JWT (JSON Web Token) is a stateless, independent, compact and independent information format used to pass claims (claims) between network application environments. The following is the basic process for JWT to authenticate:
1. User login
The user logs into the system through the user name and password, and the system verifies the user's identity.
2. Generate JWT token
After the system successfully verifies the user's identity, a JWT token is generated. A JWT token usually contains the following parts:
Header (header): Contains the type of the token (usually JWT) and the signature algorithm used (such as HMAC-SHA256).
Payload: Contains claims, which can be user ID, role, expiration time, etc.
Signature: Used to verify the integrity and authenticity of JWT.
3. Return the JWT token
The system returns the generated JWT token to the client (usually a browser or mobile application).
4. Client storage JWT tokens
After the client receives the JWT token, it will usually store it in local storage (such aslocalStorageorsessionStorage) or in a cookie.
5. The client sends a request
In subsequent requests, the client places the JWT token in the HTTP request headerAuthorizationIn the field, the format is usuallyBearer <token>。
6. Server-side verification JWT token
After the server receives the request,AuthorizationExtract the JWT token from the request header and verify it:
Verify signature: Verify that the signature of the JWT is valid using the same key as when generating the JWT.
Verification expiration time: Check whether the expiration time of the JWT has expired.
Verify other statements: Verify other statements as needed, such as user roles, permissions, etc.
7. Process the request
If the JWT token verification passes, the server processes the request and returns a response.

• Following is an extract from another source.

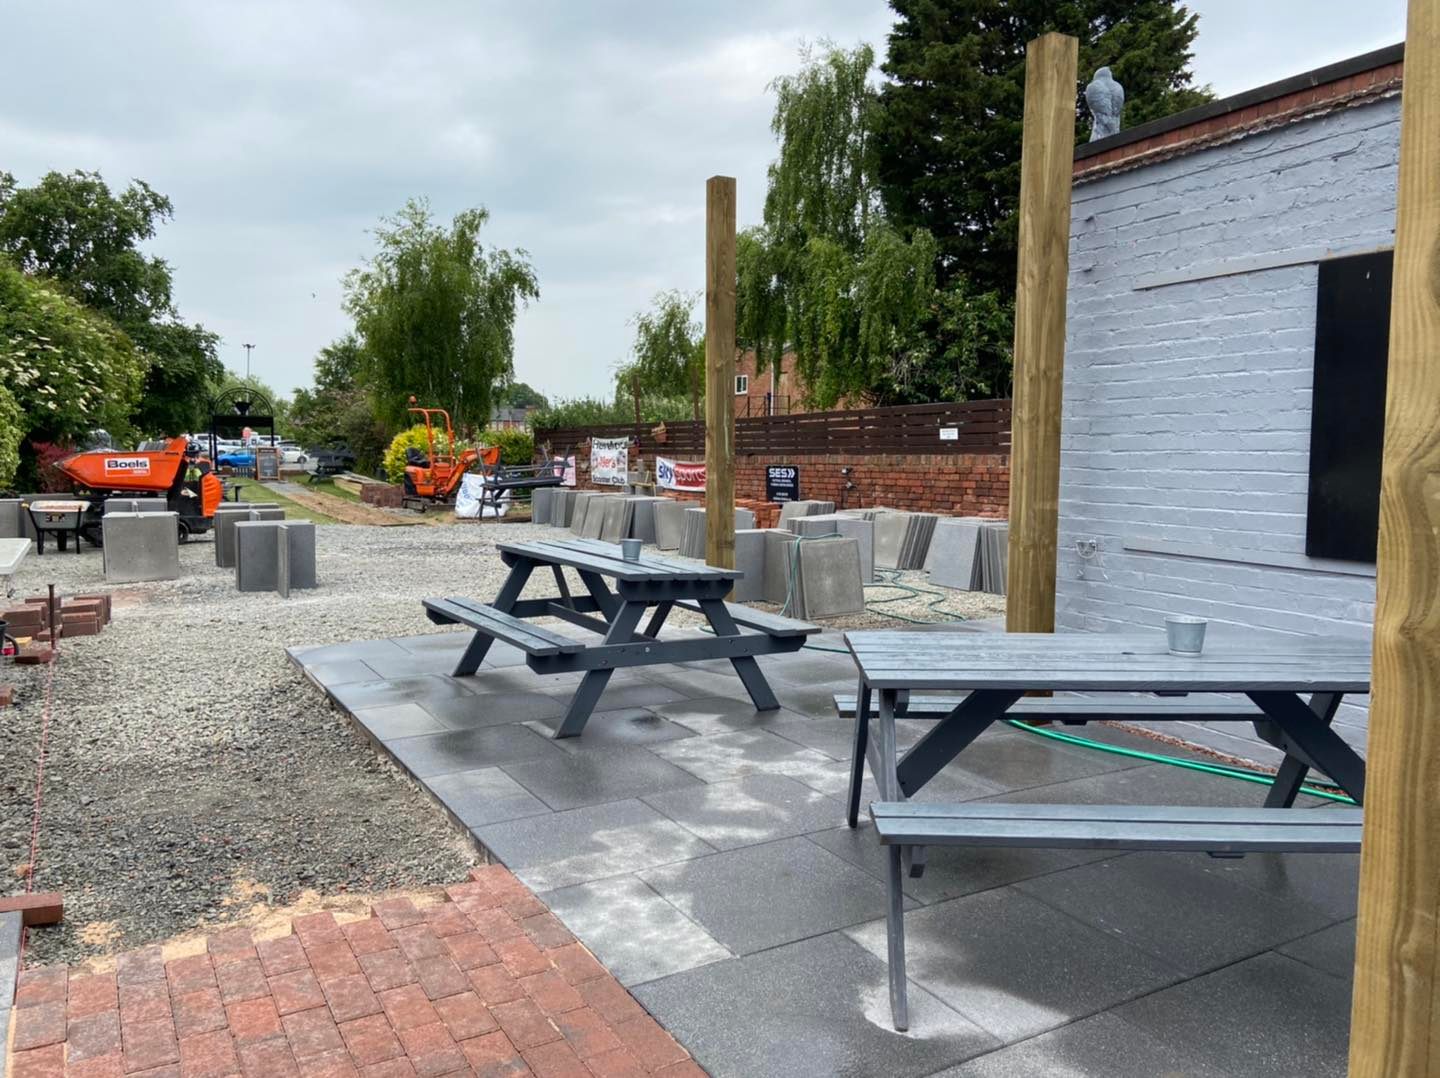 GALLERY | Extensive refurbishment of beer garden taking place at a popular pub in Hereford

If verification fails, an error response is returned (such as 401 Unauthorized).
Sample code
Generate JWT token (server side)
package main
import (
"fmt"
"time"
"/golang-jwt/jwt"
)
// Custom Claimstype CustomClaims struct {
UserID string `json:"user_id"`
Role string `json:"role"`
}
func main() {
// Custom Claims claims := CustomClaims{
UserID: "12345",
Role: "admin",
StandardClaims: {
ExpiresAt: ().Add(24 * ).Unix(),
Issuer: "myapp",
},
}
// Key jwtSecret := "mysecretkey"
// Create a JWT token token := (jwt.SigningMethodHS256, claims)
// Sign with a key and generate a JWT token in string form tokenString, err := ([]byte(jwtSecret))
if err != nil {
("Creating token failed:", err)
return
}
("Generated JWT Token:", tokenString)
}Verify JWT token (server side)
package main
import (
"fmt"
"net/http"
"strings"
"/golang-jwt/jwt"
)
// Custom Claimstype CustomClaims struct {
UserID string `json:"user_id"`
Role string `json:"role"`
}
func handler(w , r *) {
// Get the Authorization request header authHeader := ("Authorization")
// Check whether the Authorization request header exists if authHeader == "" {
(w, "Missing Authorization header", )
return
}
// Extract JWT token tokenString := (authHeader, "Bearer ")
// Verify the JWT token token, err := (tokenString, &CustomClaims{}, func(token *) (interface{}, error) {
// Provide a signature key return []byte("mysecretkey"), nil
})
if err != nil {
(w, "Invalid token", )
return
}
if ! {
(w, "Invalid token", )
return
}
// Process the request (w, "Hello, World!")
}
func main() {
("/api/data", handler)
(":8080", nil)
}The method of verifying jwt token can be defined as middleware, registered in gin through the Use method, and applied to all routes. Gin's middleware is called in the request processing process, and can preprocess the request, modify the request or respond, and even terminate the request processing. Middleware is very commonly used in Gin and can be used to implement functions such as authentication, logging, request restriction, etc.
Sample code:
package main
import (
"/gin-gonic/gin"
"/golang-jwt/jwt"
"strings"
)
// Custom Claimstype CustomClaims struct {
UserID string `json:"user_id"`
Role string `json:"role"`
}
// Auth returns a Gin middleware functionfunc Auth() {
return func(c *) {
// Get the Authorization request header authHeader := ("Authorization")
// Check whether the Authorization request header exists if authHeader == "" {
(401, {"error": "Missing Authorization header"})
()
return
}
// Extract JWT token tokenString := (authHeader, "Bearer ")
// Verify the JWT token token, err := (tokenString, &CustomClaims{}, func(token *) (interface{}, error) {
// Provide a signature key return []byte("mysecretkey"), nil
})
if err != nil {
(401, {"error": "Invalid token"})
()
return
}
if ! {
(401, {"error": "Invalid token"})
()
return
}
// If the verification is passed, continue to process the request ()
}
}
func main() {
r := ()
// Use Auth middleware (Auth())
("/api/data", func(c *) {
(200, {"message": "Hello, World!"})
})
(":8080")
}This is the end of this article about the implementation process of golang jwt authentication. For more related golang jwt authentication content, please search for my previous articles or continue browsing the related articles below. I hope everyone will support me in the future!